ACOs may affect physician employment patterns, JAMA study finds

06 Aug 2018 | SOURCE: Healthcare Dive



Dive Brief:

The growth of accountable care organizations is cutting physician work hours as well as the likelihood of doctors being self-employed, according to a new JAMA report.

The study of nearly 50,000 doctors found a 10% increase in ACO enrollment in a hospital referral region is connected with 0.82 fewer work hours per week for male physicians. The 10% number is also associated with a decrease of 2% in the probability of physicians being self-employed.

The study found that older physicians were more apt to shift to employment, potentially to receive retirement benefits after selling their practices by selling their practices to hospitals.


Dive Insight:

ACOs are becoming more popular alternatives as more systems move to value-based contracting.

UnitedHealth Group, which includes the nation’s largest private payer, expects to double the size of its national accountable care organization NexusACO at least once and maybe twice through the end of next year.

The JAMA report found there were 923 ACO contracts in 2017 that covered more than 32 million people.

The question is how further ACO growth will affect physician employment and work hours. The study found hospital-controlled ACOs are hiring physicians as employees. That is reducing doctors’ incentives to work long hours.

“Although our data do not offer a mechanism that underlies these findings, well-performing ACOs may make more efficient use of physician time by shifting tasks that do not require physicians to other team members,” the study authors wrote.

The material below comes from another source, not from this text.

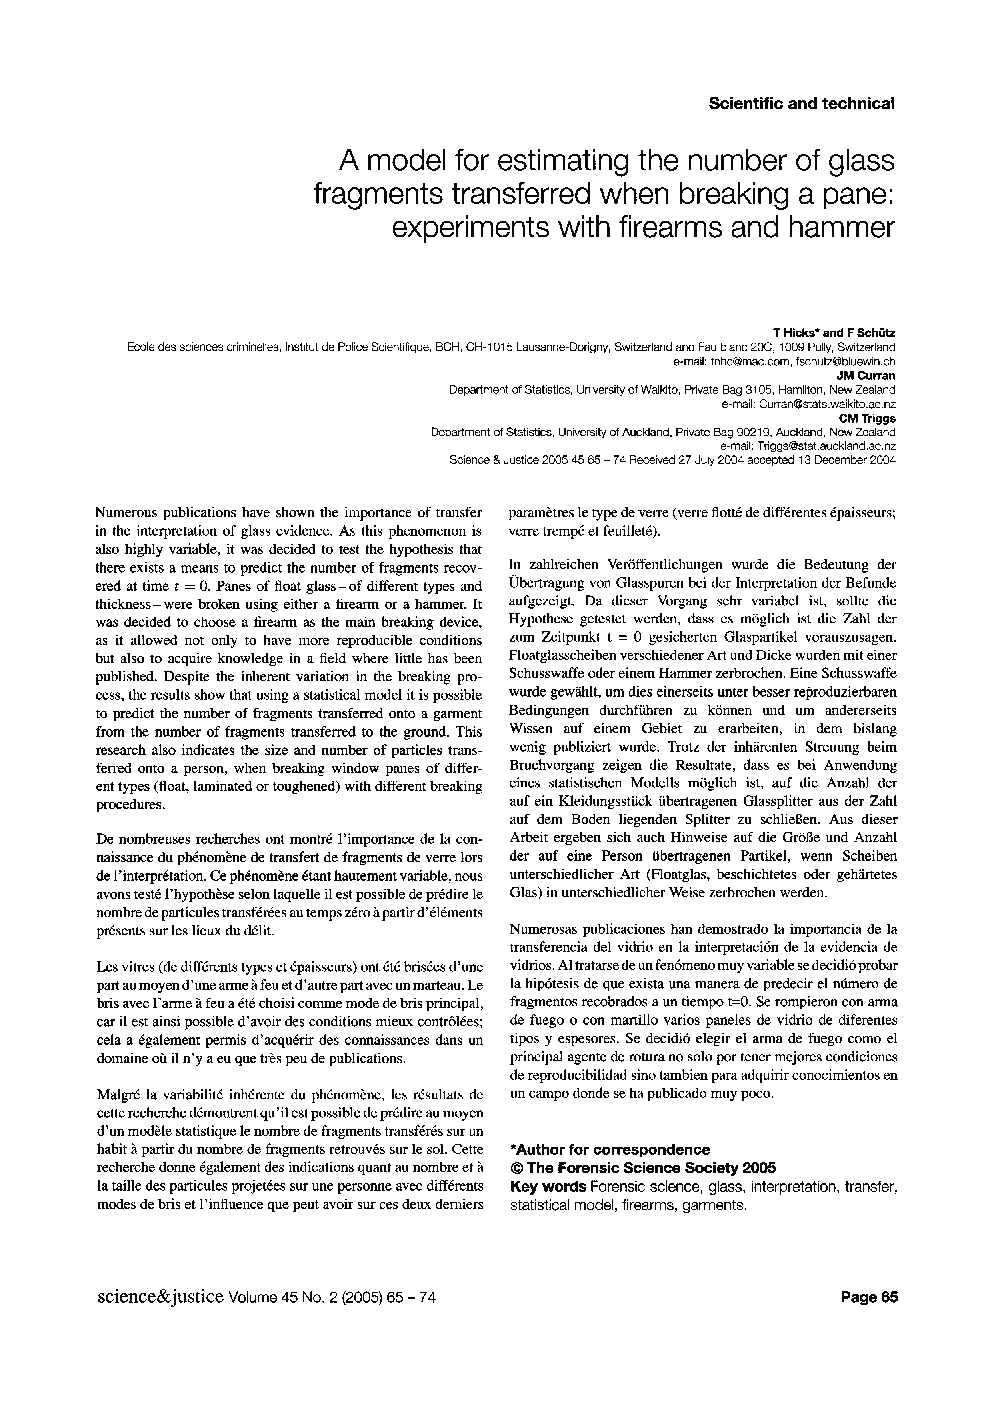 A model for estimating the number of glass fragments transferred when breaking a pane: experiments with firearms and hammer

Though the study showed minor reductions in hours worked, the researchers suggested doctors could reduce work further as ACOs mature.

They said older physicians moving into employment for retirement benefits could “fuel further increases in ACO employment in the short run, but in the long run could raise questions about availability of physicians in ACOs.”

Physician hours will play an even bigger role in the coming years with the expected doctor shortage. At the same time, physicians complain about feeling burnt out from their current workload, which may get worse.

Are ACOs a way to resolve that issue? The study said future research should look at physician job satisfaction for doctors in ACOs to see if those contracts lessen burnout problems. “Given the rapid increases in the numbers of primary care nurse practitioners, future research should also examine the association between ACOs and employment patterns of … nonphysician clinicians,” they wrote.

Though ACOs show potential, the reality hasn’t always been positive. A recent report in Health Affairs found many innovations haven’t met promises of improving outcomes and efficiently using resources. However, ACOs present “new opportunities to develop the evidence necessary to implement, scale and sustain these needed innovations in healthcare delivery,” the authors of that study said.

Examples of ACOs finding success include CMS’ Next Generation ACO and Medicare Shared Savings Program. A 2017 report showed that 11 of 18 Next Generation ACOs earned savings in 2016. Also, the HHS Office of Inspector General found that the Medicare Shared Savings Program reduced spending and improved care quality in most ACOs during the program’s first three years.